Le 11 décembre 1665, Hayim Peña, un des plus riche marchand juif de Smyrne et non croyant eu un vif échange avec les sabbataïstes. En résultat de violente échauffourées mais comme le Shabbat commençait la foule se dispersa. La synagogue portugaise était le quartier général des non croyant, Sabbataï eu une réaction violente à leur égard le lendemain matin. Sabbataï abrégea les récitations du matin à la synagogue et se rendit à la synagogue portugaise avec ses disciples. Les non croyant de la communauté portugaise avaient fermé les portes par peur d’une attaque des sabbataïstes. Sabbataï demanda une hache et brisa les portes. La foule ravagea la synagogue mais Hayim Peña s’était enfui. Sabbataï interrompit leur prière et annonça :

« Aujourd’hui, vous êtes exempts de l’obligation de la prière » et il prit dans son sac une édition imprimée du Pentateuque déclarant qu’elle était plus sacré que les rouleaux de la Torah, ce qui est contraire à la loi rabbinique.
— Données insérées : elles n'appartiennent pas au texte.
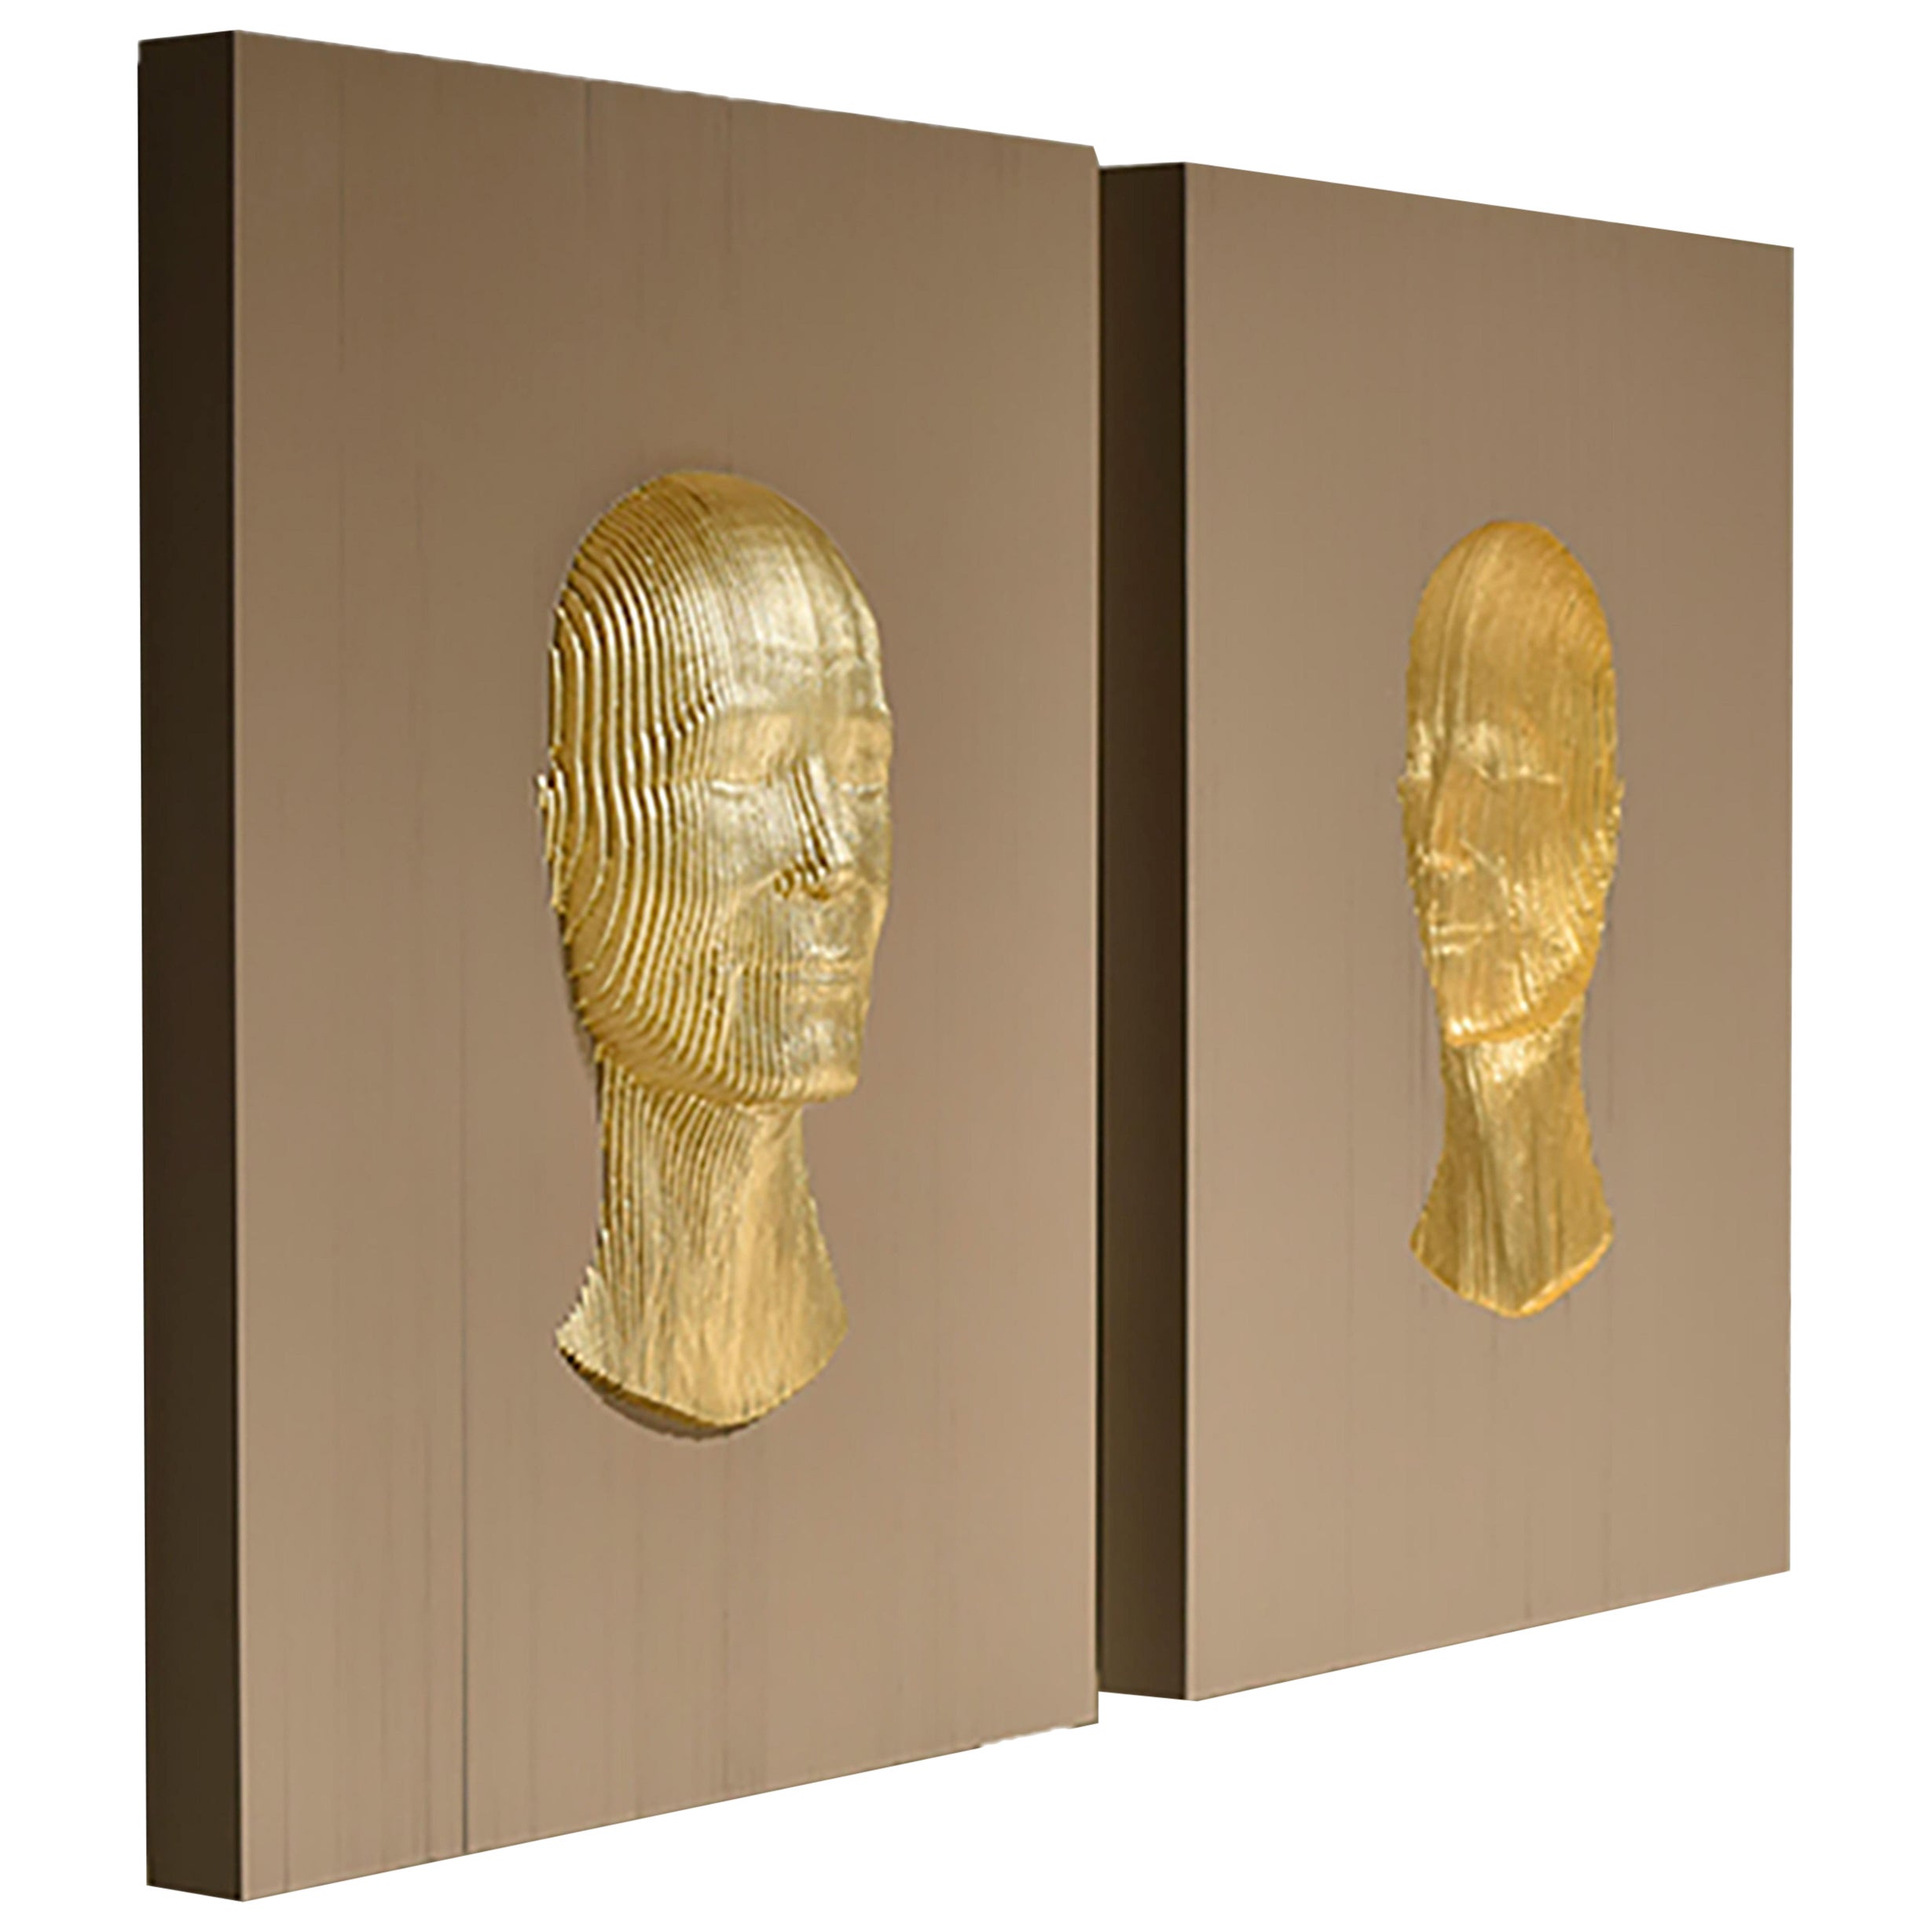 Inner Face - Outer Face Bronze by Piegatto, a Contemporary Wall Sculpture For Sale

Il la lu et nomma son frère aîné Elie roi de Turquie. Son autre frère fut nommé Empereur de Rome. Il distribua des nombreux royaumes à ses disciples, hommes et femmes, et les obligea à prononcer le nom ineffable de Dieu. Le grand rabbin Aaron Lapapa fut démis de ses fonctions et il fut remplacé par Hayim Benveniste qui reconnut et honora Sabbataï. Il réussi à entraîner de nombreuses personnes à en faire autant. Sabbataï exposa les raisons kabbalistique de son action : en brisant les portes, de « nombreuse qelipot des forces maléfiques furent cassés ».